4.14.2010

Hope All The While (intermisunderstanding)

every person, place and thing in the chaosmos of Alle anyway connected with the gobblydumped turkery was moving and changing every part of the time: the travelling inkhorn (possibly pot), the hare and turtle pen and paper, the continually more and less intermisunderstanding minds of the anticollaborators, the as time went on as it will variously inflected, differently pronounced, otherwise spelled, changeably meaning vocable scriptsigns. No, so holp me Petault, it is not a miseffectual whyacinthinous riot of blots and blurs and bars and balls and hoops and wriggles and juxtaposed jottings linked by spurts of speed: it only looks as like it as damn it; and, sure, we ought really to rest thankful that at this deleteful hour of dungflies dawning we have even a written on with dried ink scrap of paper at all to show for ourselves, tare it or leaf it, (and we are lufted to ourselves as the soulfisher when he led the cat out of the bout) after all that we lost and plundered of it even to the hidmost coignings of the earth and all it has gone through and by all means, after a good ground kiss to Terracussa and for wars luck our lefftoff's flung over our home homoplate, cling to it as with drowning hands, hoping against hope all the while that, by the light of philophosy, (and may she never folsage us!) things will begin to clear up a bit one way or another within the next quarrel of an hour and be hanged to them as ten to one they will too, please the pigs, as they ought to categorically, as, strictly between ourselves, there is a limit to all things so this will never do.

--James Joyce, Finnegans Wake, 118-119



Thinking of this passage, and others like it in FW, since I am living in the Czech Republic, it would make sense that I would be reminded of Milan Kundera's notion of the wisdom of uncertainty, or the idea that we shouldn't allow ourselves to believe we completely understand anything. This only makes sense since things change, as hinted in the above quote. Take science. Please. (drumfill) Science doesn't claim to understand the mechanics of our universe. This is a fact no scientist would dispute; otherwise, he'd lose his research grants.
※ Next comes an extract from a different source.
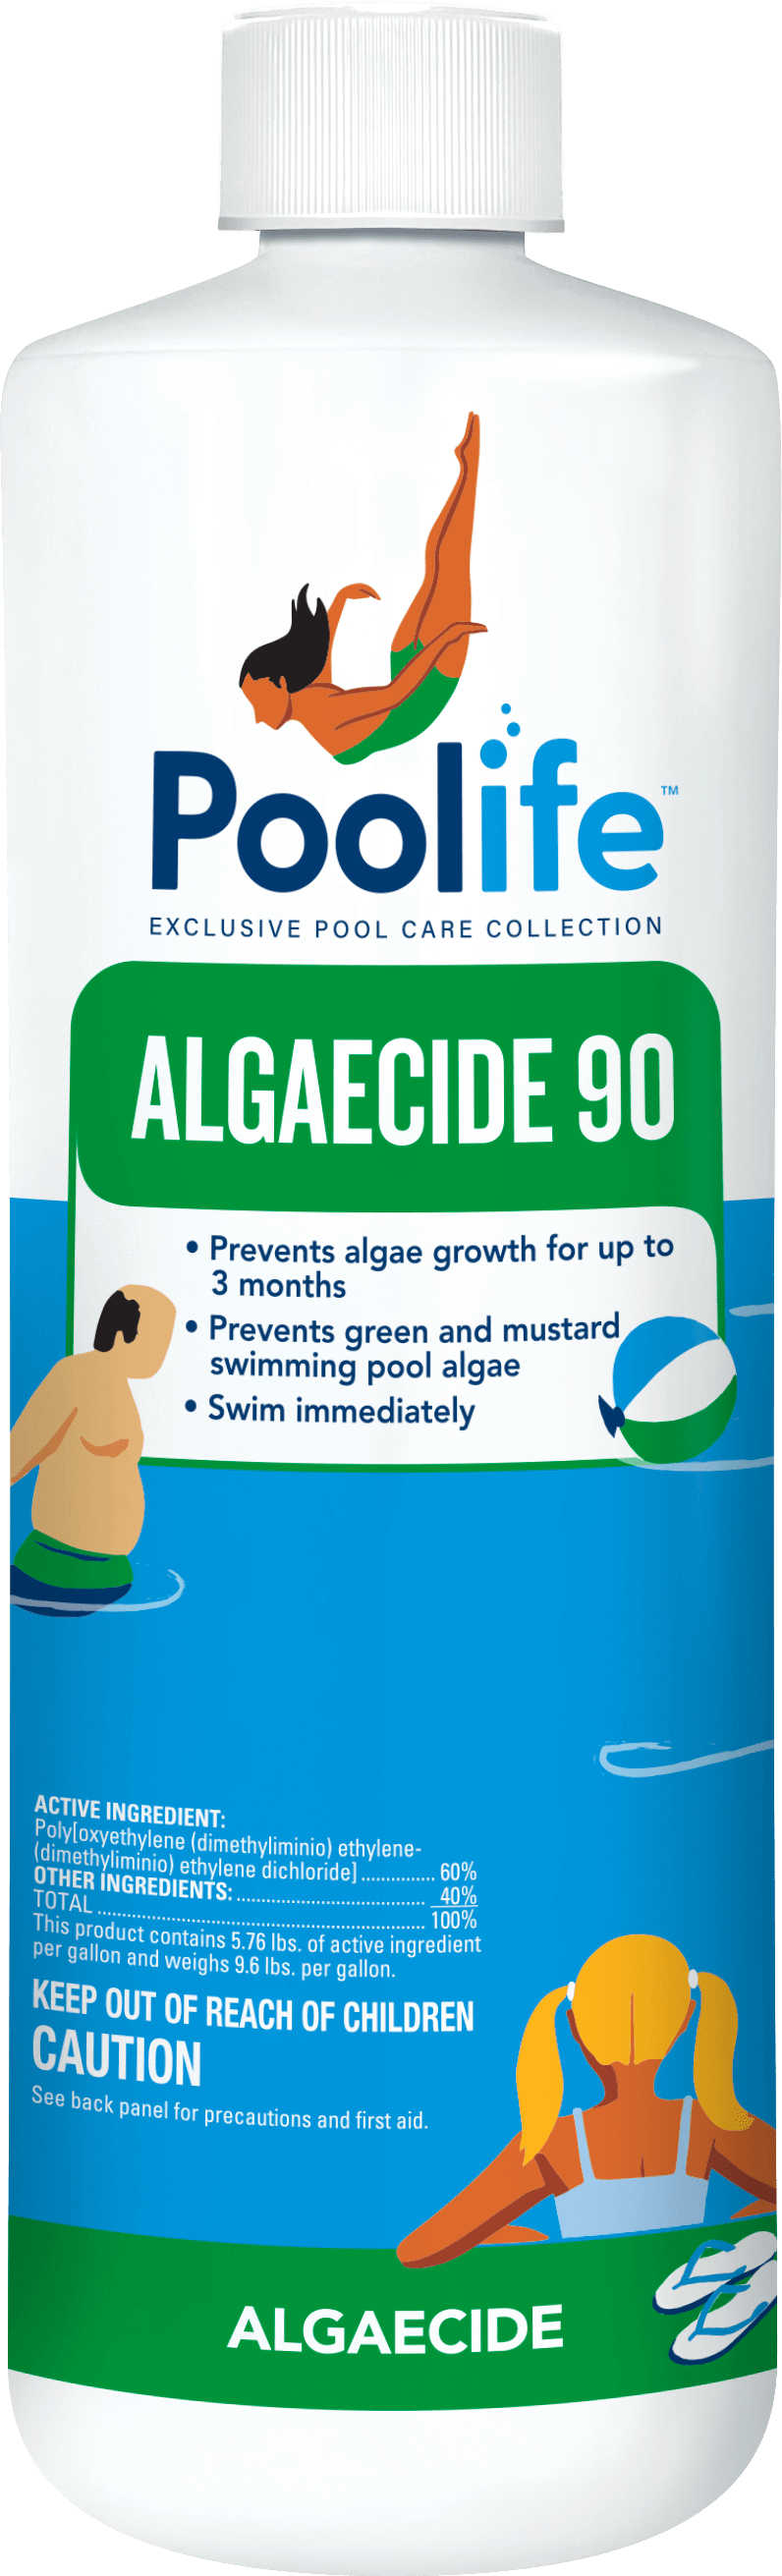 Algaecide 90 Front
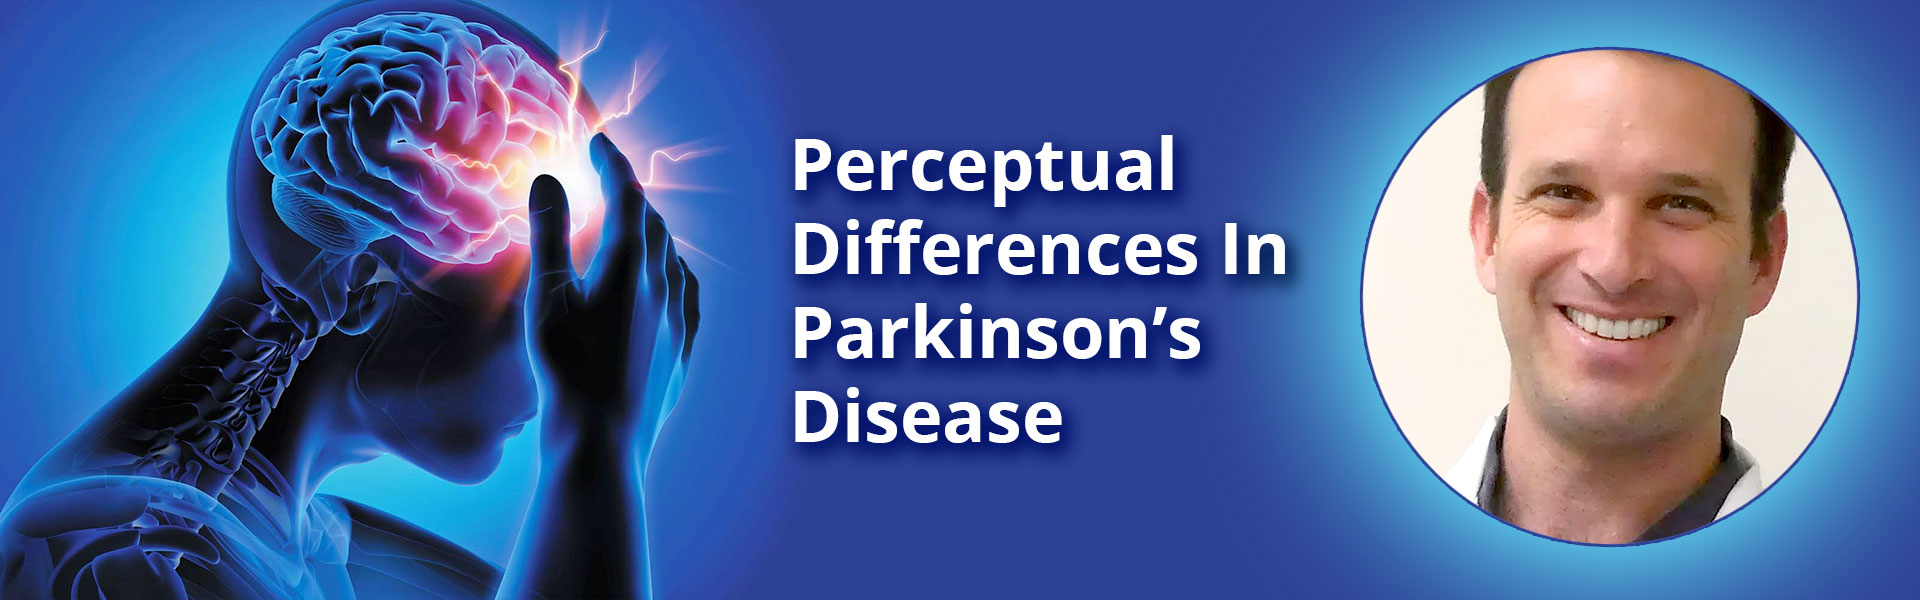 Perceptual Differences In Parkinson’s Disease

However, in a way, science lacks Kundera's wisdom since it's ultimate aim is in fact to understand everything. That's the point of the scientific project. Built into the wisdom of uncertainty is the idea that we will never completely understand everything, so the moment we allow ourselves to believe that we have, or even can have, the final handle on whatever is the moment we enter delusion.

Fine. Simple as pi.

But deeper than that, I think, is Keats' idea of negative capability. Keats formulated it centuries before Kundera, and still his thought went deeper. Keats understood that our knowledge is incomplete, and he not only accepted it, as does Kundera, but Keats actually encourages us to embrace the uncertainty. Do not become irritated by that which you cannot understand. Learn to move within it--turn it into a dance, and if you cannot understand this step (who, what, where, when, why), let it go and slide into the next, for the next beat is always coming: it's already here.

Joyce, I think, was the first writer who managed to teach negative capability through his fiction. He had to destroy the traditional techniques of realism to do so. Subsequent writers--I think of Pynchon & PKD--found new ways to accomplish the same thing, but Joyce did it first and with greater art.

What I love about the quote above is how I sense I could almost understand it while knowing, or, better, feeling that understanding is not--I hope I can at least suggest such a thing--the point.

Poetry:

At the still point of the turning world. Neither flesh nor
fleshless;
Neither from nor towards; at the still point, there the dance
is,
But neither arrest nor movement. And do not call it fixity,
Where past and future are gathered. Neither movement
from nor towards,
Neither ascent nor decline. Except for the point, the still
point,
There would be no dance, and there is only the dance.